Calibration functions were calculated by plotting the ratio of peak areas on the y-axis and the concentration of quinocetone, 3-methylquinoxaline-2-carboxylic acid, and dedioxoquinenone on the x-axis, which was not forced through the origin. The final concentrations were 10 ng mL−1, 20 ng mL−1, 50 ng mL−1, 100 ng mL−1, and 200 ng mL−1 for quinocetone and 3-methylquinoxaline-2-carboxylic acid; 20 ng mL−1, 40 ng mL−1, 100 ng mL−1, 200 ng mL−1, and 400 ng mL−1 for dedioxoquinenone.
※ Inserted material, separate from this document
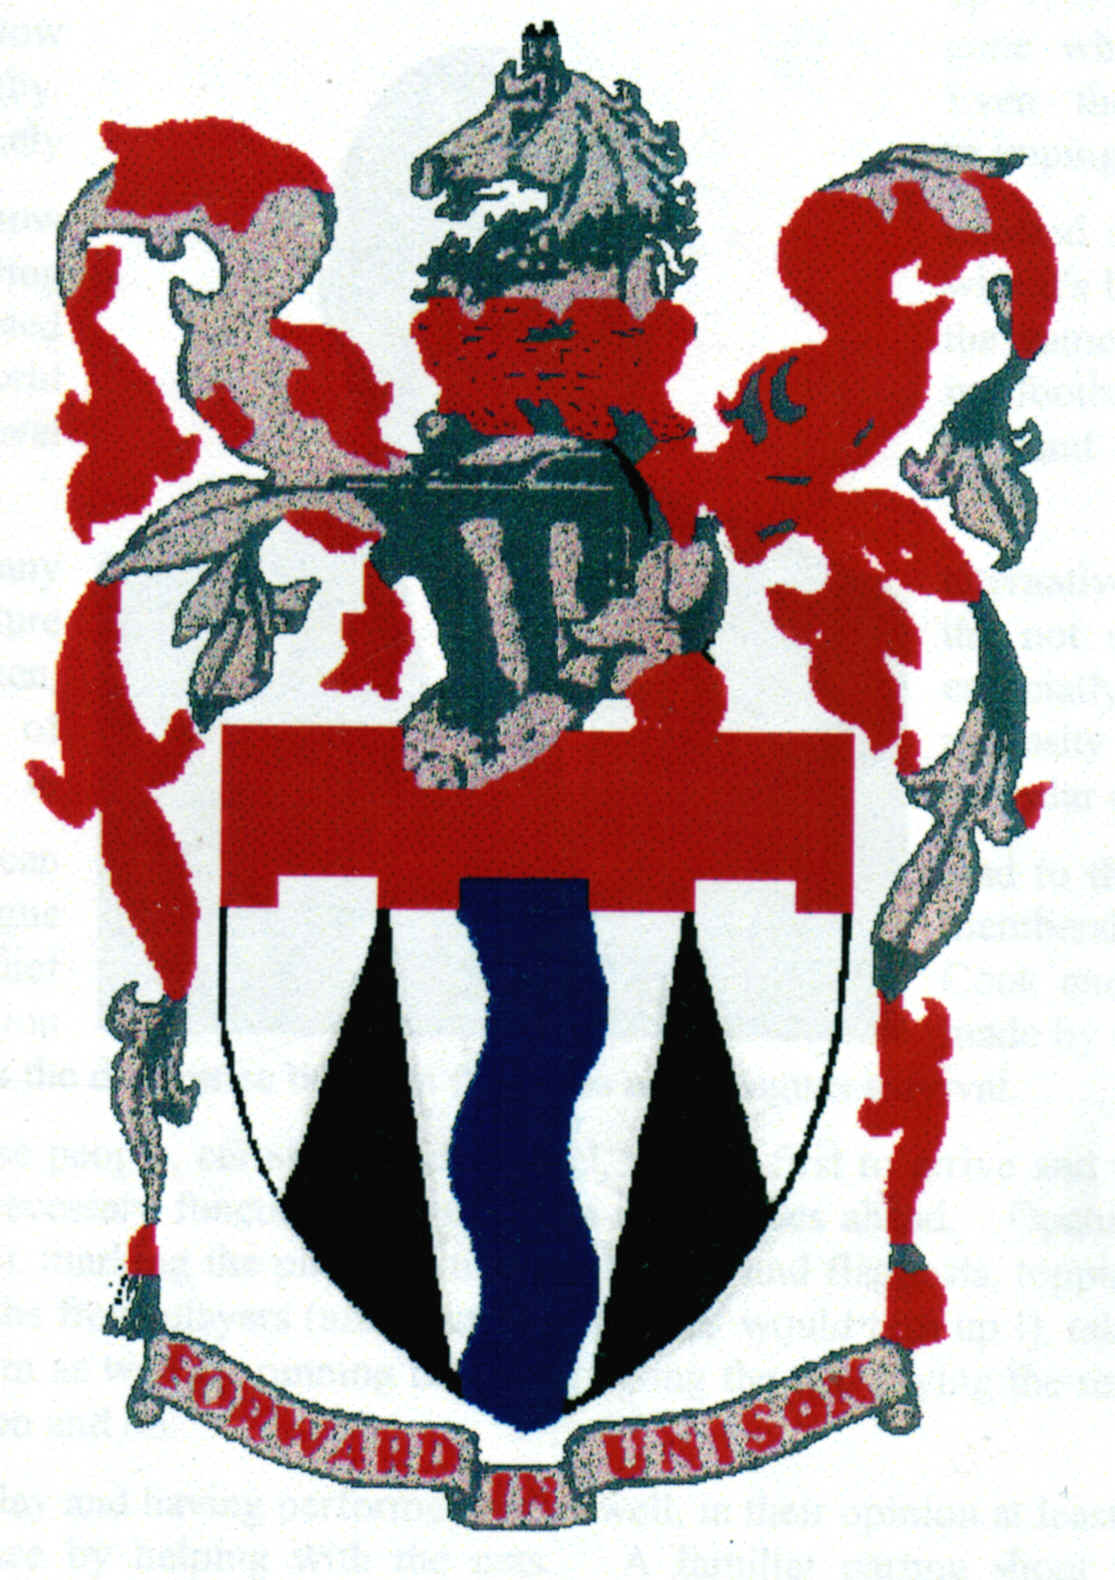 Tonbridge & District logo
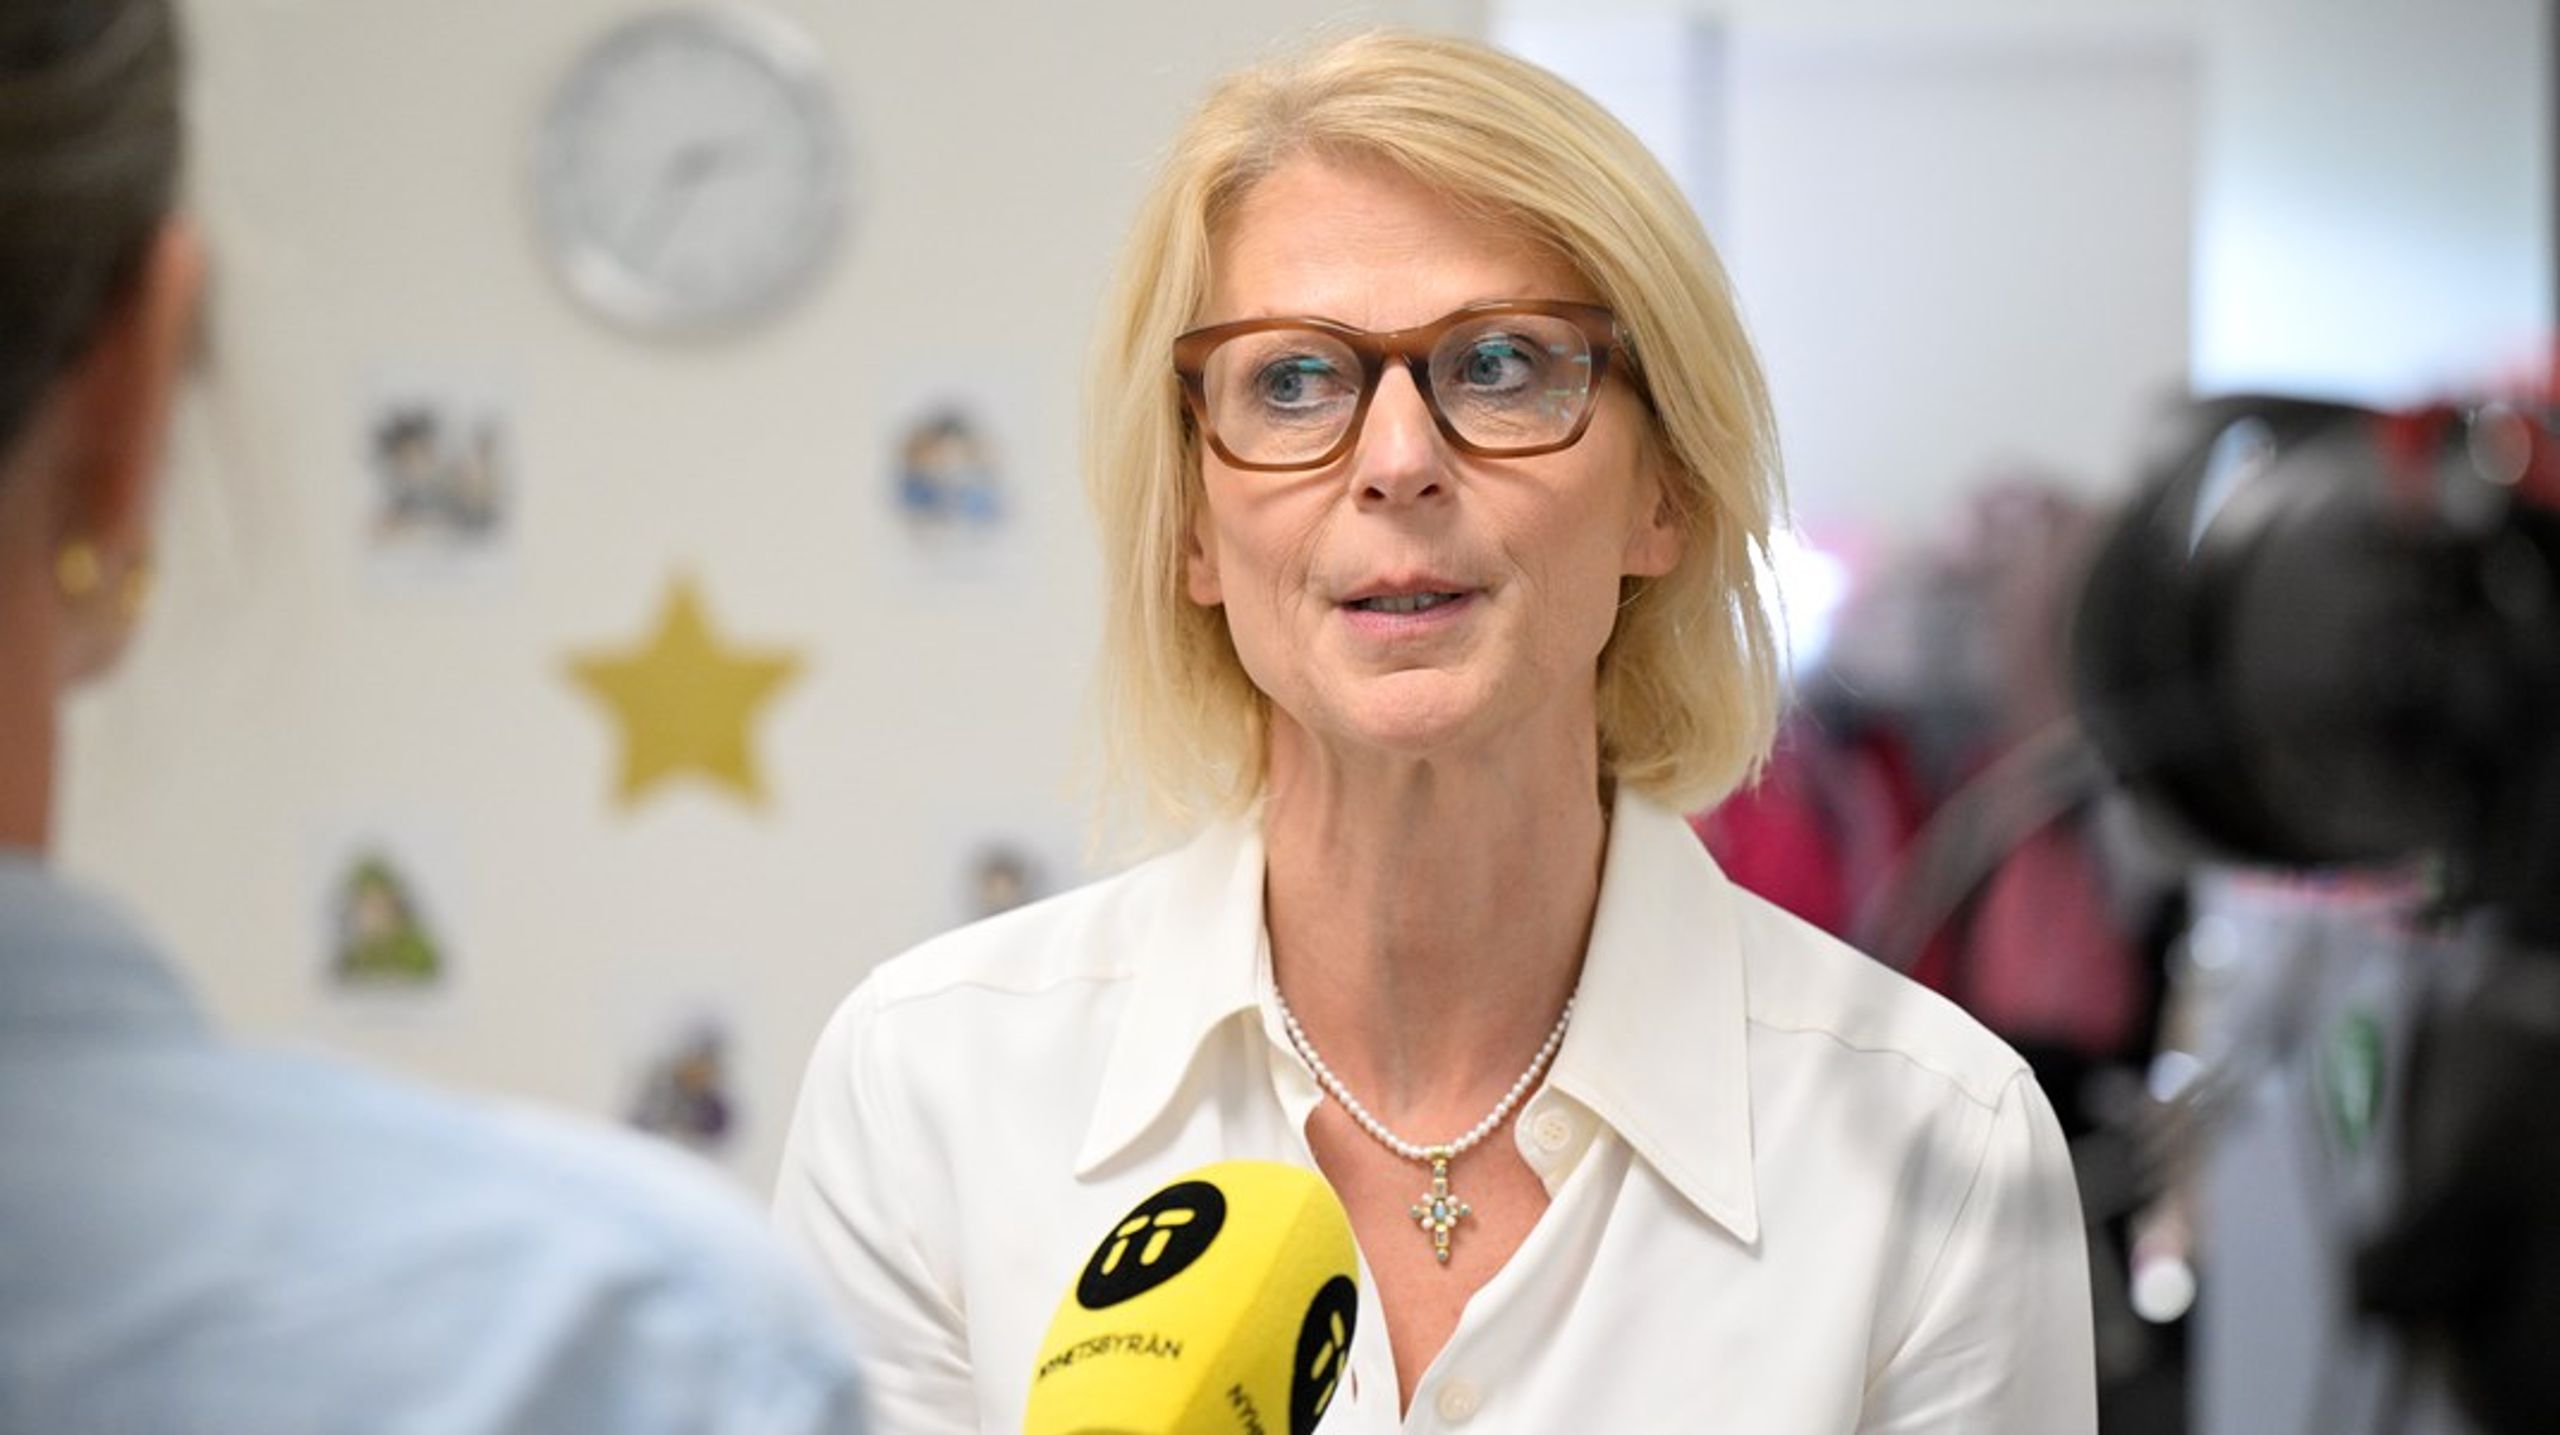 Elisabeth Svantesson (M) vill sänka skatten på bensin och diesel. Ej träffsäkert nog, enligt oppositionen. En bränslebluff, anser Socialdemokraterna.

A typical linear regression function was accepted only r > 0.99. The calibration curves were performed on the day of analysis suitable for quantification during intra-day and inter-day validation and stability tests. The typical linear regression functions were y = 2312.83x−196.59 (r = 0.9998) for quinocetone, y = 5610.17x−1762.54 (r = 0.9994) for 3-methylquinoxaline-2-carboxylic acid and y = 1122.21x+160.02 (r = 0.9992) for dedioxoquinenone.

Stability

The stability was evaluated by repeated injections of the test solution. The stock solutions were stable at 4 °C for six months. Quinocetone, 3-methylquinoxaline-2-carboxylic acid, and dedioxoquinenone were stable in the matrix for 5 days at room temperature. Standard solutions containing quinocetone, 3-methylquinoxaline-2-carboxylic acid, and dedioxoquinenone were stored at 4 °C for one week. It was also found that evaporation to dryness completely at 40 °C could lead to a lower recovery, showing only 30%–65% of quinocetone, 3-methylquinoxaline-2-carboxylic acid, or dedioxoquinenone, so evaporated to dry nearly under a gentle stream after purification could make better recoveries.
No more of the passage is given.